New Album Releases Lead a 15-Year Uptick in Vinyl LP Sales … – Digital Music News




Photo Credit: James Sutton
Music talent is flourishing across the UK, with most of the year’s biggest-selling new albums across all formats released by artists from nearly every region. The Top 10 LPs of 2022, according to the analysis of Official Charts data by the BPI, feature eight titles released within the calendar year, including albums by Harry Styles, Arctic Monkeys, and Liam Gallagher — compared to only three in 2017.
While US singer-songwriter Taylor Swift led the charge in 2022’s vinyl albums market, most of the year’s biggest-selling new albums across all formats combined were by artists from nearly every nation and region in the UK. There were 30 different Number One albums by UK artists throughout the year, with 10 of the UK’s 12 regions being represented across a diverse range of genres.
Outside London, Northwest England was one of the most heavily-represented regions with five chart-topping albums in 2022, led by Cheshire-native Harry Styles. Styles’ third solo album, Harry’s House, spent six weeks at Number One, the longest chart-topping run of the year. Other Northwest England artists topping the charts this year include Liverpool band The Wombats (Fix Yourself, Not the World), Stockport group Blossoms (Ribbons Around the World), Manchester-native Liam Gallagher (C’mon You Know), and Cheshire band The 1975 (Being Funny in a Foreign Language).
Yorkshire and the Humber showed strong musical representation in 2022, with four artists from the region reaching Number One: Olly Alexander’s solo project Years & Years (Night Call), Yungblud (Yungblud), Louis Tomlinson (Faith in the Future), and Paul Heaton and Jacqui Abbott (N.K.Pop).
“Blossoms started out a decade ago in Stockport, where they grew up, and have now scored three Number One albums, including Ribbon Around the Bomb,” Murray continues. “And since the first Housemartins LP back in the Eighties, tellingly called London 0 Hull 4, Paul Heaton has been living proof of the exceptional music talent that exists across the entire UK. All these years later, alongside his long-time collaborator Jacqui Abbott, he is still making brilliant Number One albums.”
Newly-released albums are claiming an increasingly more significant share of vinyl LP sales, with the year’s ten biggest sellers to date featuring eight titles released in 2022, according to analysis of Official Charts data by the BPI.
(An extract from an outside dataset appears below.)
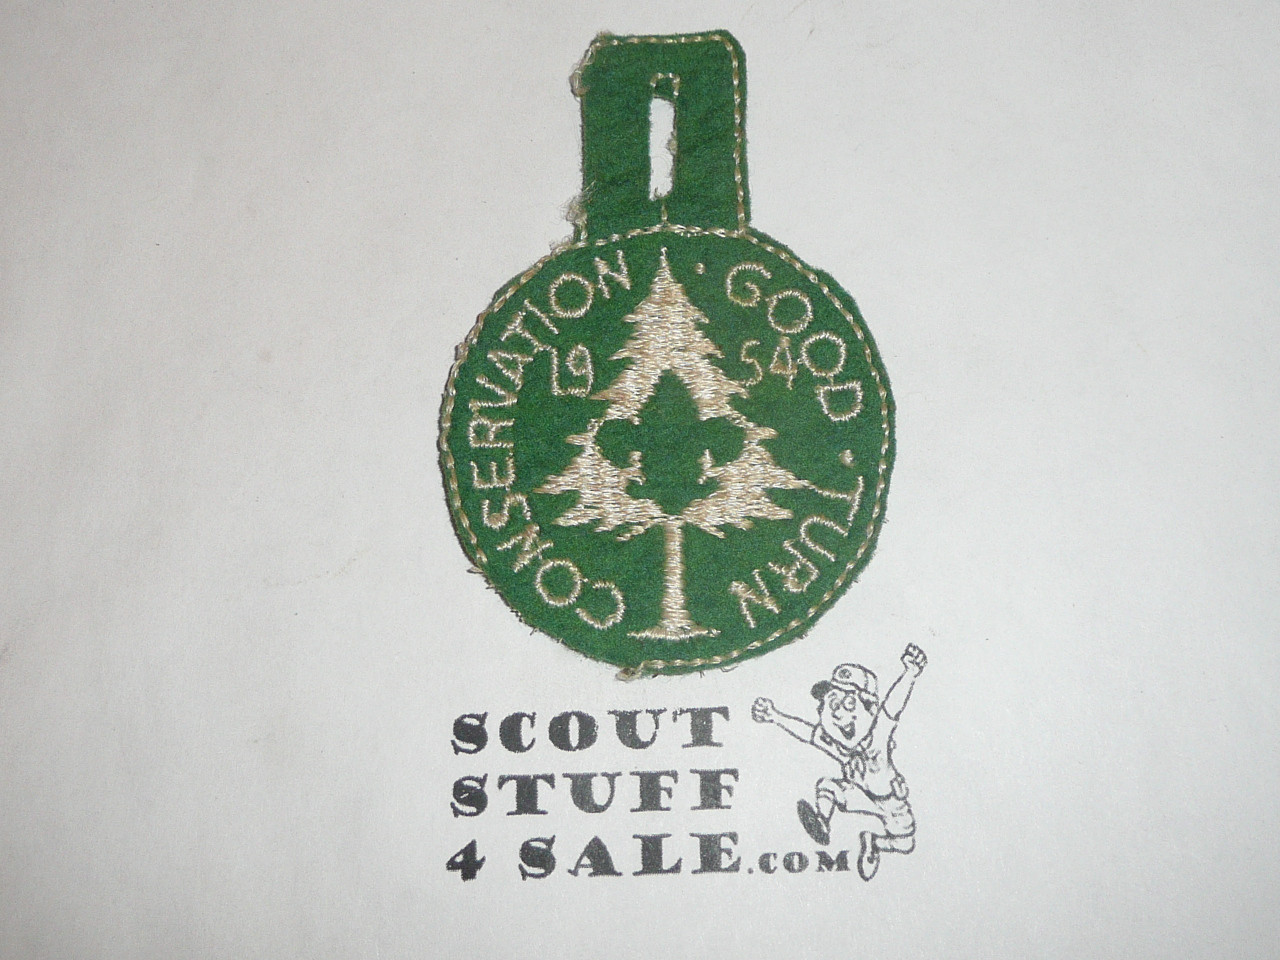 1954 Conservation Good Turn Felt Patch, Generic BSA issue, pocket hanger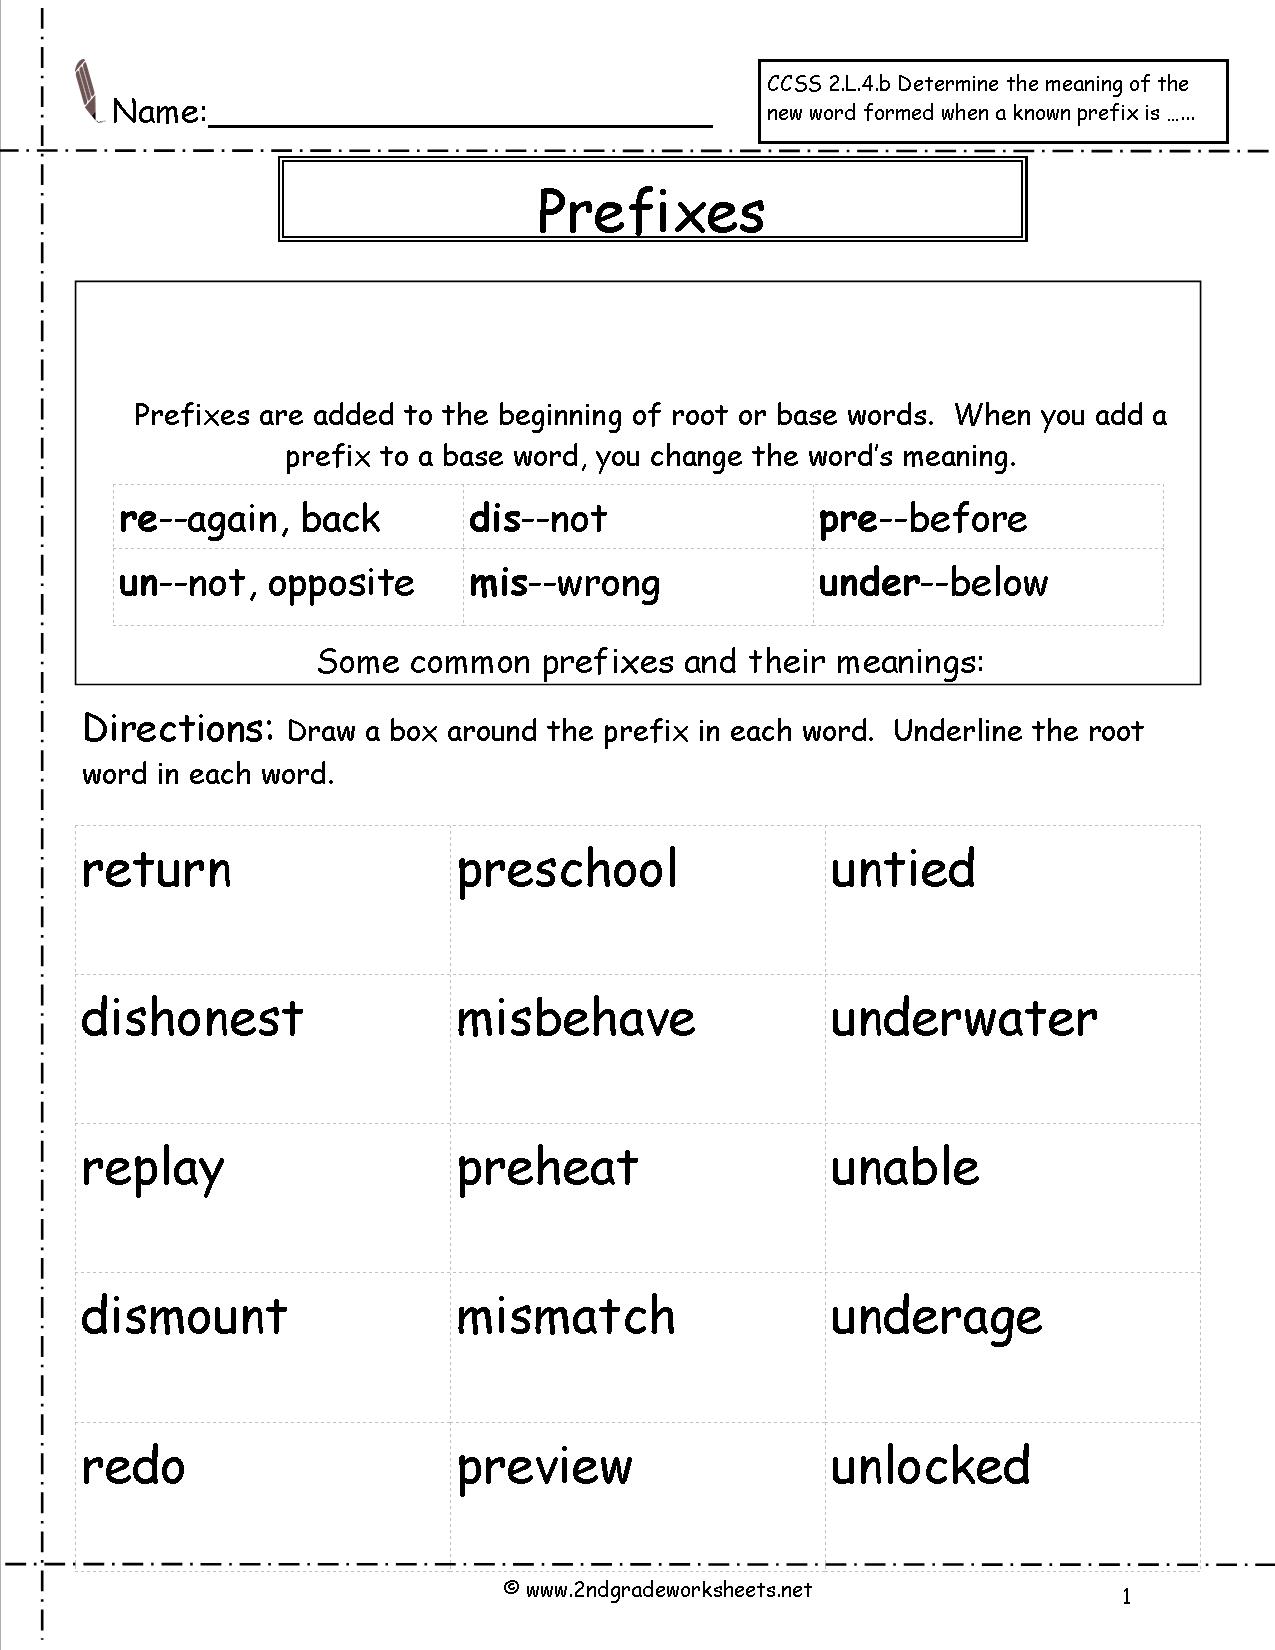 15-best-images-of-root-words-worksheets-root-words-prefixes-suffixes

Taylor Swift’s Midnights ranked as the year’s most popular album on vinyl in the UK, on a list that included 2022 releases by Harry Styles (Harry’s House), Arctic Monkeys (The Car), Liam Gallagher (C’mon You Know), Wet Leg (Wet Leg), The 1975 (Being Funny in a Foreign Language), Fontaines D.C. (Skinty Fia), and Muse (Will of the People).
Such a high number of current albums among the year’s top sellers marks a further notable shift in the vinyl market, whose revival over the past 15 years has primarily been driven by catalog titles. Half of the ten biggest vinyl LPs of 2021 were albums released that calendar year, while five years ago, classic albums by artists like The Beatles, David Bowie, Pink Floyd, and Oasis dominated 2017’s Top Ten sellers. That year, new releases by Ed Sheeran, Liam Gallagher, and Rag’n’Bone Man were the only new titles to appear on the list.
“Vinyl’s revival has been one of the most welcome success stories of recent times,” said Geoff Taylor, Chief Executive BPI, BRIT Awards & Mercury Prize. “While initially this renaissance was built largely on older music fans reconnecting with treasured past albums and on younger generations newly discovering classic releases, increasingly the ongoing rise in LP sales has been driven by brand new releases.”
“A diverse and growing number of contemporary artists have recognized the enduring magic of this most beloved format, from global superstars such as Taylor Swift and Harry Styles to breakthrough UK talent including Wet Leg and Yard Act. As the LP marks its 75th anniversary in 2023, it’s as relevant as ever, highlighting that, in an age of streaming, physical music purchases remain an essential and healthy part of the music market.”